Thursday, July 28, 2005

the one about hair

I don't know about you, but I do have a phobia whenever I step into a barber shop. I simply detest cutting my hair, since it'll mean short hair again. Short hair looks sucky on me, and that's just an understatement.

I had my fair share of bad hair cuts and bad hair days and because of this, I would keep my hair long if I was allowed to. The type of hair which I hate most is those with the sides sticking out. Hm. I hope you get the idea. You see, my face is an oval shape, and with hair like that, I kinda look like a pineapple. I would have slit my wrists if not for the fact that pineapple complements cheesecake rather well.

Guys keeping long, layered and stylish hair in VJC are usually alert and vigilant. By the way, when I say long hair, it's not shoulder length hair or rocker-type hair. As in long relative to crew cut, those you can style. Ok, as I was saying guys keeping long, layered and stylish hair in VJC are usually alert and vigilant.

They are unintentionally trained to do so however, so as to keep a good lookout for certain people who feel they are not contributing to the school enough, and hence go around stopping people and blasting them for their hairstyle. It's pretty good training for those who are targeted though. And besides building up your vigilance, it also heightens your senses over time, or what Peter Parker might say - Spider Sense.

I believe being paranoid about landing into trouble has actually helped me a lot. Now, I can detect an unwelcome presence before I even round a bend. It has aided me in real life too, like how I can sense Bus 31 is coming even before it is in view. Hopefully next year, these survival skills can be of use in the SAF.

Right now however, my hair is short and neat. I look presentable, nice and friendly. But 1 or 2 more weeks later, I'll probably be back to the vigorous training I have been subjected to for the past months.

Friday, July 15, 2005

the one about goatees and naughty boys

About 10 years ago in the east of Singapore, there was a plump little bespectacled boy living with his parents. Being an only child, he indulged in the toys his parents bought him or simply went outside the corridor to play with the kid next door. Cycling was usually the case, other times, it was just playing.

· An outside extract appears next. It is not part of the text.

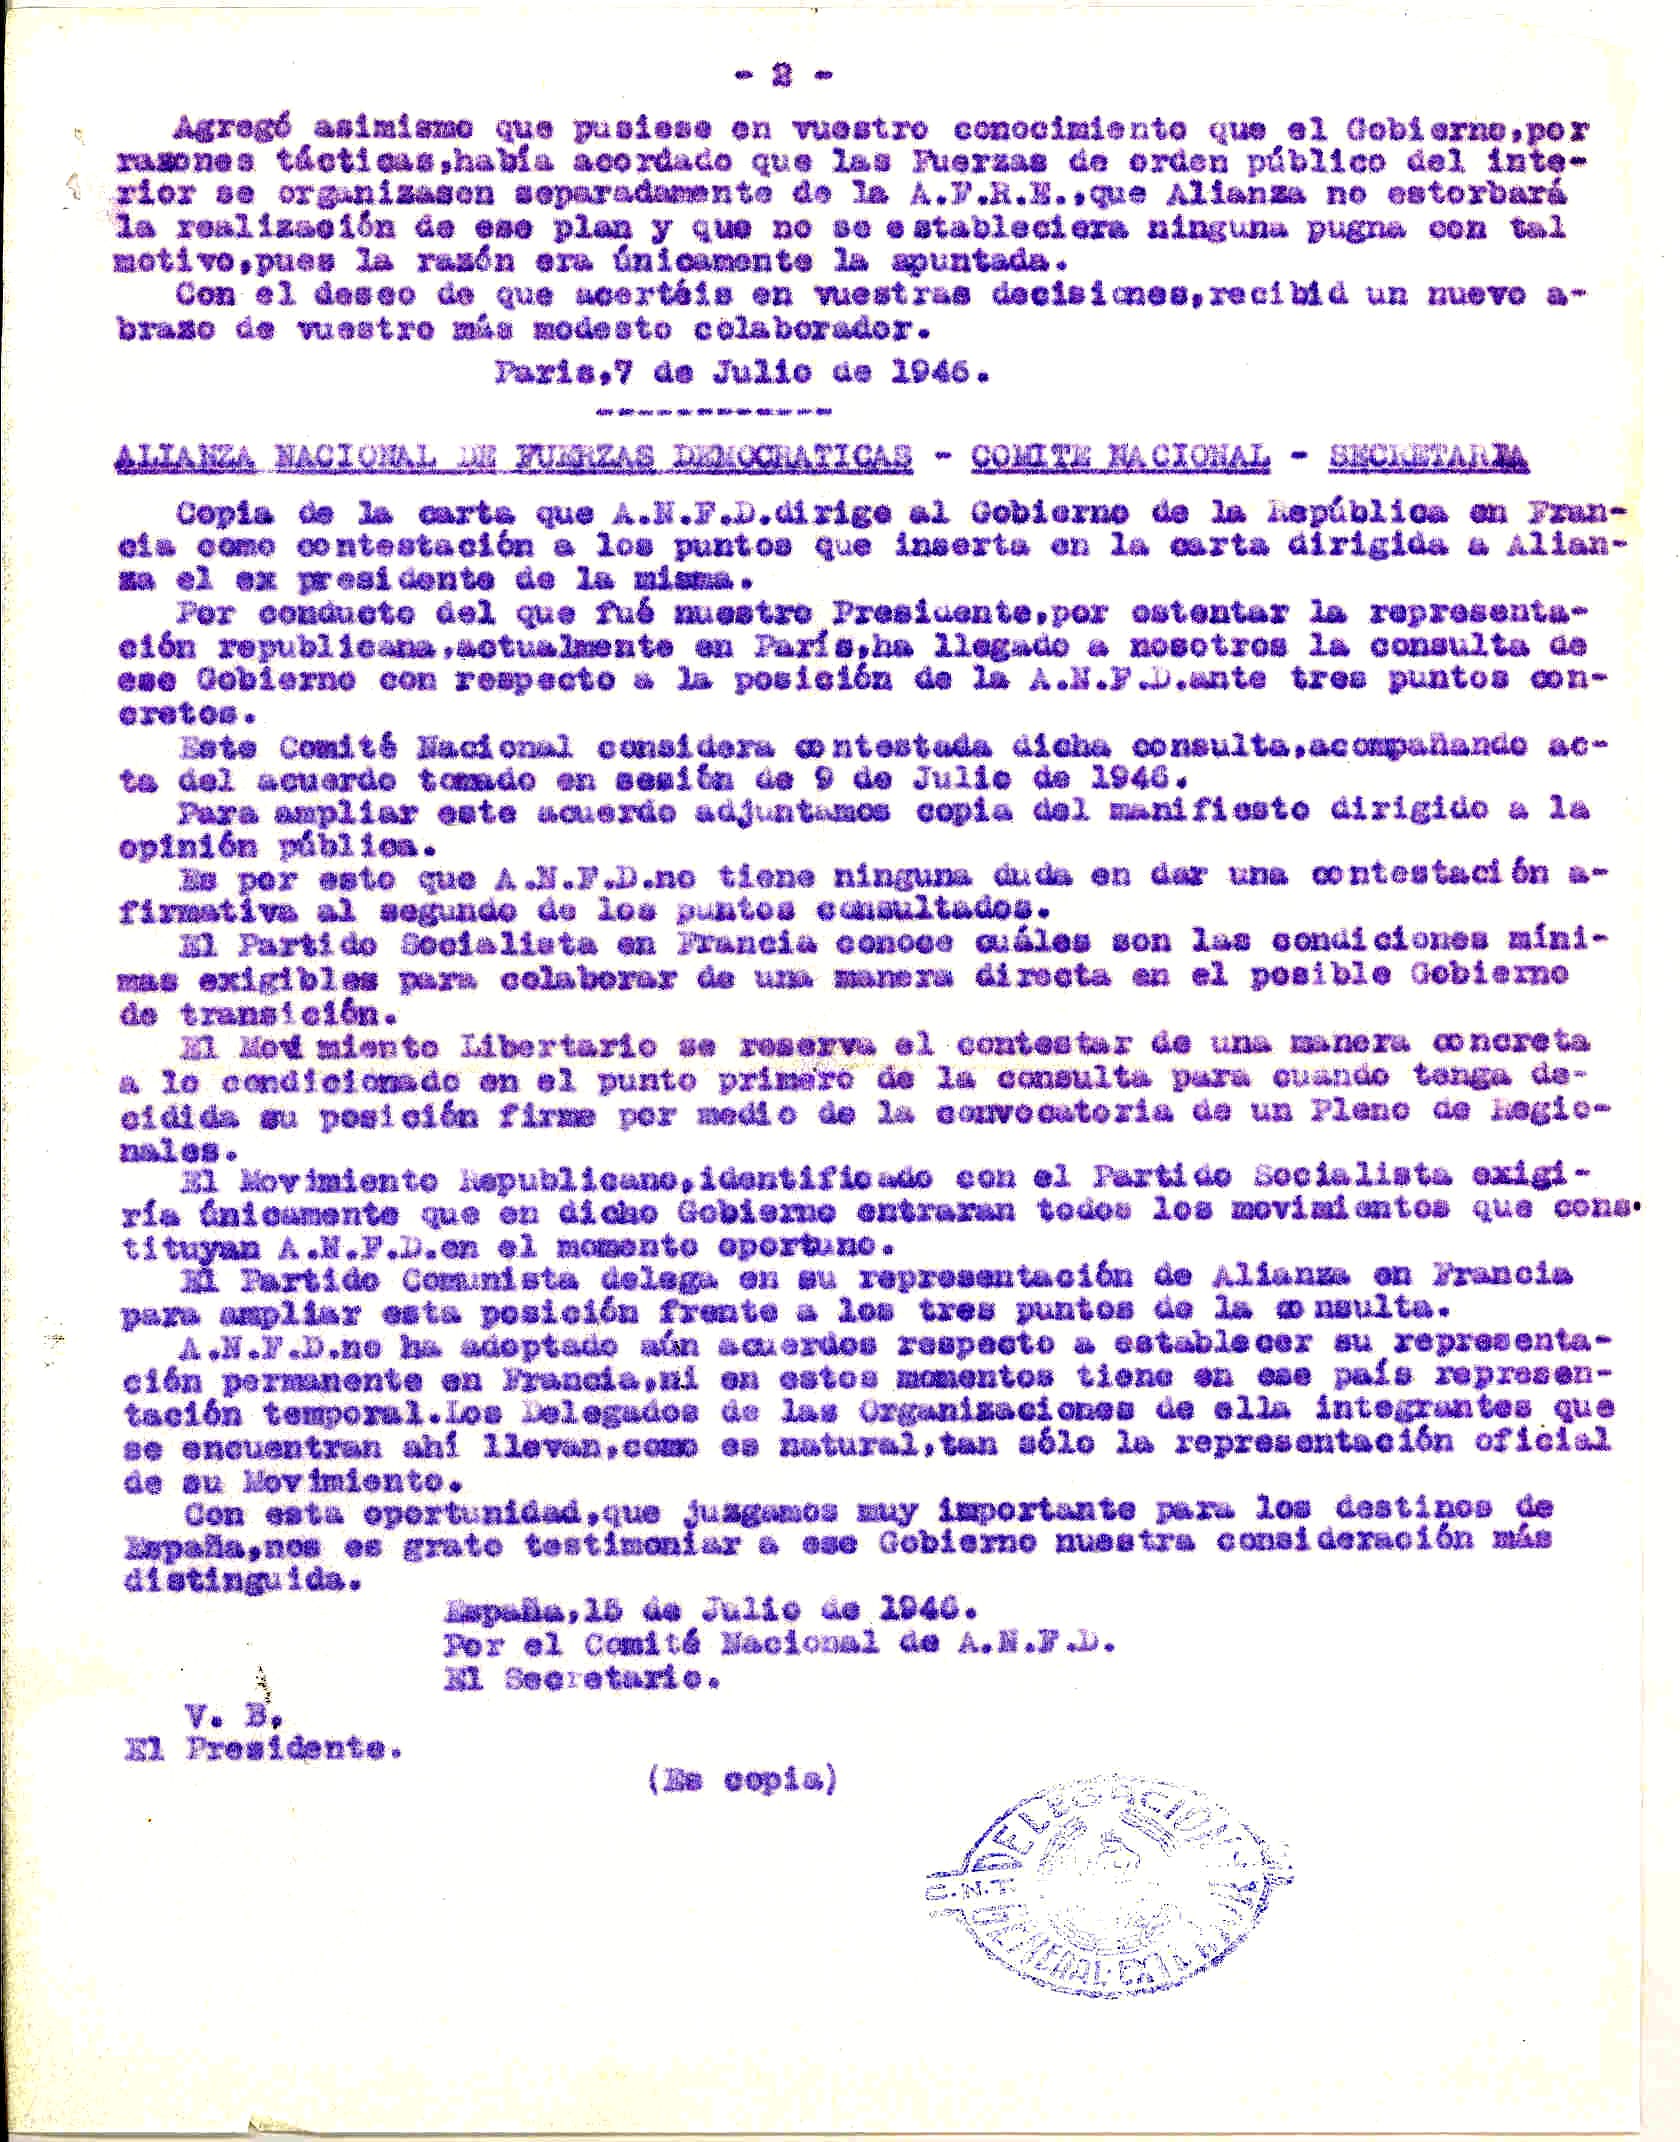 Copia de una carta de la Delegación de CNT en el exterior en la que se incluye otra que el Comité Nacional de la ANFD de España dirigió al Gobierno de la República sobre la posible colaboración entre ambos

For a short period of time, when he was frolicking outside, there was this uncle who would walk along the corridor and down the stairs to get to his house 2 floors below, directly under the boy's flat. He should be in his late thirties then, with narrow shoulders and a small build. Most of the time, he was dressed smartly in shirt and long pants and there was an air of arrogance surrounding him. He would have looked rather non-descript if not for his unique-looking goatee protruding from the bottom of his narrow chin.

And it was this distinct looking feature about him that made him the butt of jokes of the mischievous little imp. For a few days straight, the boy made him a source of ridicule by constantly poking fun at the few centimetre long stump of hair. 'Billy Goat' was what he called him. The latter did not do or say anything, probably taking into account, the innocence of the child.

It was until a particular day of the week, probably in the early afternoon or so, when the middle aged man finally snapped. In a fit of anger, he muttered something no one could ever make out, and walked briskly towards the boy in quick and short steps, his right palm raised up high as though there was an irritating mosquito flying in front of him and he wanted to swat it.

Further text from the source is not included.